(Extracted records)
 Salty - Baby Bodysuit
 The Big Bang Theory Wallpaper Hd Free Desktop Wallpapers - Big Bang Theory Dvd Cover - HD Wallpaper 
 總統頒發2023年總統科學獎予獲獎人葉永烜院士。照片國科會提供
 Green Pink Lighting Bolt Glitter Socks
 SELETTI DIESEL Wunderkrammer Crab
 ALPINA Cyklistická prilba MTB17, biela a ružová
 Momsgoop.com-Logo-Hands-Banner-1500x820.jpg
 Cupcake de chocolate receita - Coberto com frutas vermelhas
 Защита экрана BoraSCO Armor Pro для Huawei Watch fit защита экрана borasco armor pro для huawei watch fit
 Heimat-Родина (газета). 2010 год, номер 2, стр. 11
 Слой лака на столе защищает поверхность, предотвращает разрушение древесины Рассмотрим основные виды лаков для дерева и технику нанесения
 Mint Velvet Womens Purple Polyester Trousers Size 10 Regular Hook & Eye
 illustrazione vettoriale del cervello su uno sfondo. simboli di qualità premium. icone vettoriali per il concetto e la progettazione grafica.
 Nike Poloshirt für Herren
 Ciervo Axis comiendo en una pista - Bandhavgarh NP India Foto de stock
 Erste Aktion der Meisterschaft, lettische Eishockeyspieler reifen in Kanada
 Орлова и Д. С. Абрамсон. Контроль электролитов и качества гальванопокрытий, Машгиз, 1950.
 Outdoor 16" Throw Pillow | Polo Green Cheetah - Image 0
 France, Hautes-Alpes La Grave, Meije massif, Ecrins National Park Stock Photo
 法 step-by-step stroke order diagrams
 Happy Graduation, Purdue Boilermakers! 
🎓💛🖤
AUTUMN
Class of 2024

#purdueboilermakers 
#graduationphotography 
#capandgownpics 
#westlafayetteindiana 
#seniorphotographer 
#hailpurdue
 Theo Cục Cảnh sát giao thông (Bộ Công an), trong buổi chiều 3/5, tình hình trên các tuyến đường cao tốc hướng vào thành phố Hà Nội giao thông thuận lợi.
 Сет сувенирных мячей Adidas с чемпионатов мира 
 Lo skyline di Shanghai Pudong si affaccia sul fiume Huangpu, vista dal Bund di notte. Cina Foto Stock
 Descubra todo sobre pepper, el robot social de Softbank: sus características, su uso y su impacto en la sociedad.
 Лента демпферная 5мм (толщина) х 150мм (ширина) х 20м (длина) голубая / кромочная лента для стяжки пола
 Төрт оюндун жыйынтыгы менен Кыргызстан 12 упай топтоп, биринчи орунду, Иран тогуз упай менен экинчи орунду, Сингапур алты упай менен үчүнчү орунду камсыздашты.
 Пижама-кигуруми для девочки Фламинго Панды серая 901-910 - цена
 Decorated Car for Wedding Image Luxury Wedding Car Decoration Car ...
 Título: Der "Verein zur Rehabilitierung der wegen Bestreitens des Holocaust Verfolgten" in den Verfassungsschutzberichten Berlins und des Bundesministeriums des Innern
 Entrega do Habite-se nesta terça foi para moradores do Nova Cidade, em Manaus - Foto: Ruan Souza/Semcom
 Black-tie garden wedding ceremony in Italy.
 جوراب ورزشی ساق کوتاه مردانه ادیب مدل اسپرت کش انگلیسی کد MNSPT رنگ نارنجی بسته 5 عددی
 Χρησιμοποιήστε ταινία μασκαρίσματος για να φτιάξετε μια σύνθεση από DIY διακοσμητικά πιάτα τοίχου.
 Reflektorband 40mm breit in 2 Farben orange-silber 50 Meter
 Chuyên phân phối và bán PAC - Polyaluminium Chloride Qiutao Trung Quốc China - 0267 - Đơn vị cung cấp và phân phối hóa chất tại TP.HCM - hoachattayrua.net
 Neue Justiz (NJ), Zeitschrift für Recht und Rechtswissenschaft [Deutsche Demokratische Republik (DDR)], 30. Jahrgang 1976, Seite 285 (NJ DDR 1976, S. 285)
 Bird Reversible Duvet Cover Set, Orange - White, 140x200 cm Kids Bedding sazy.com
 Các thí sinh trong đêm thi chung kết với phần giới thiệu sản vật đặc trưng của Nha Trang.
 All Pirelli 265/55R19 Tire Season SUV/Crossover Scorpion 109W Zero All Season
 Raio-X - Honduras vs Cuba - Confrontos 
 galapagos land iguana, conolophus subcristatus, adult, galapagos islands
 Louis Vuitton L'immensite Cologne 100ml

(WHAT YOU WILL DO) Repeat word for word the lines above that run from the line containing "Happy Graduation, Purdue Boilermakers!" through the line containing "Lo skyline di", both ends included, and nothing else.

(YOUR SOLUTION)
 Happy Graduation, Purdue Boilermakers! 
🎓💛🖤
AUTUMN
Class of 2024

#purdueboilermakers 
#graduationphotography 
#capandgownpics 
#westlafayetteindiana 
#seniorphotographer 
#hailpurdue
 Theo Cục Cảnh sát giao thông (Bộ Công an), trong buổi chiều 3/5, tình hình trên các tuyến đường cao tốc hướng vào thành phố Hà Nội giao thông thuận lợi.
 Сет сувенирных мячей Adidas с чемпионатов мира 
 Lo skyline di Shanghai Pudong si affaccia sul fiume Huangpu, vista dal Bund di notte. Cina Foto Stock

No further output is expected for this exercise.